Stale Lease Recovery
When an agent tries to claim a task that is in_progress, the system checks the lease:
- If the lease is still valid — the claim is rejected (someone is working on it)
- If the lease has expired — the claim succeeds, the old owner is replaced, and the new agent gets a fresh 30-minute lease
This means no human intervention is needed to recover from agent crashes. The system self-heals.
Idempotency
Idempotency means that doing the same operation multiple times has the same effect as doing it once. This is crucial for reliability.
Why It Matters
Imagine an agent sends hq task complete but the process crashes immediately after — before the agent can record that it already sent the command. When the agent restarts, it does not know whether the command succeeded, so it sends it again.
Without idempotency, the second hq task complete would fail with "task is already completed" or worse, corrupt the state. With idempotency, the second call is silently ignored and returns success — because the system detects that this exact operation was already performed.
How It Works
Every state-changing operation includes an idempotency key — a unique string that identifies the operation. The format is deterministic: {task_id}-{agent_name}-{action}.
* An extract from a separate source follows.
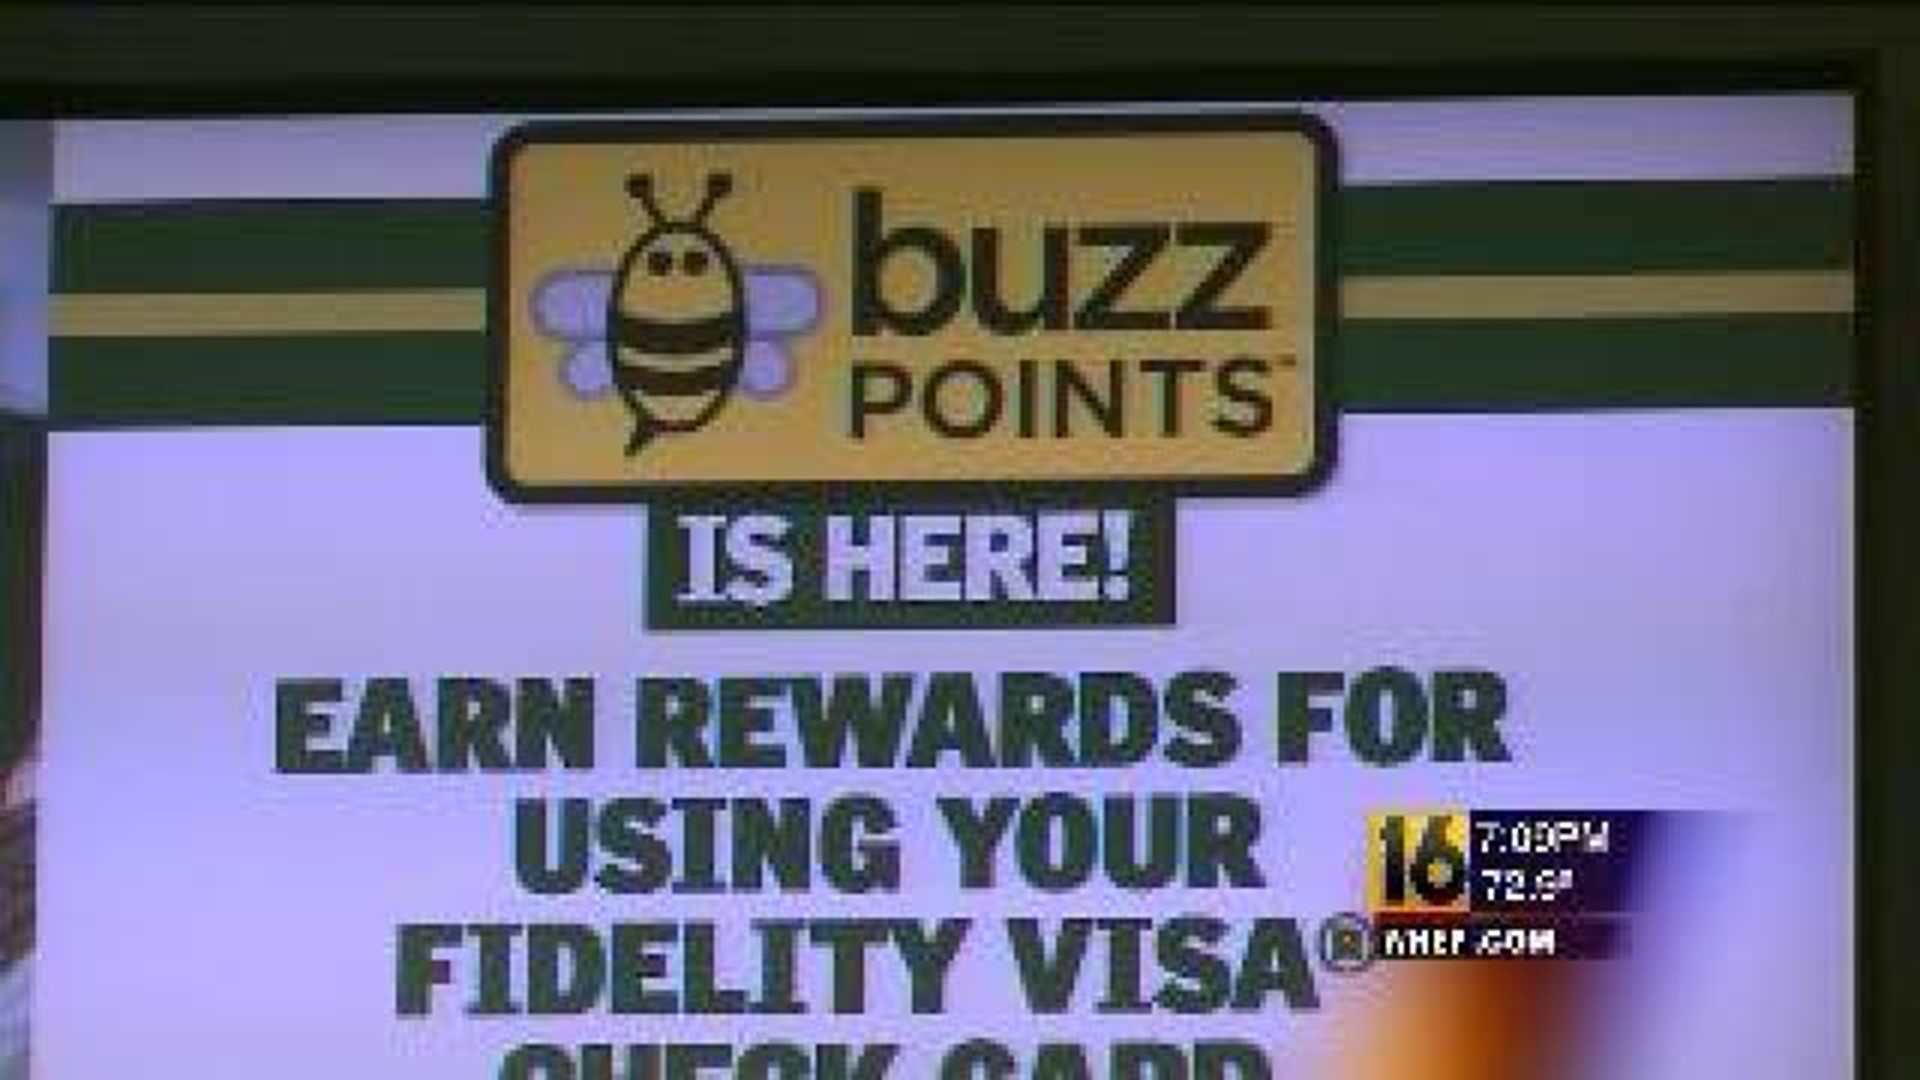 "Buzz Points" Bank On Local Businesses

The system stores all seen idempotency keys in a persistent JSON file. Before performing any operation, it checks whether the key already exists. If it does, the operation is skipped and the system returns success.
Protocol Versioning
Every agent must include a --protocol-version flag when performing state-changing operations (claim, complete, fail, inbox send). The system checks that this matches the current protocol version (currently version 2).
Why?
If the protocol changes in a future version (new fields, different behavior), old agents running the previous version could corrupt data by misunderstanding the new format. Protocol version checking prevents this.
When there is a mismatch, the system returns exit code 12 (ExitProtocolMismatch), which tells the agent: "you are running an outdated version, please restart with the new code."
This is a safety net that prevents subtle bugs when upgrading the system while agents are still running.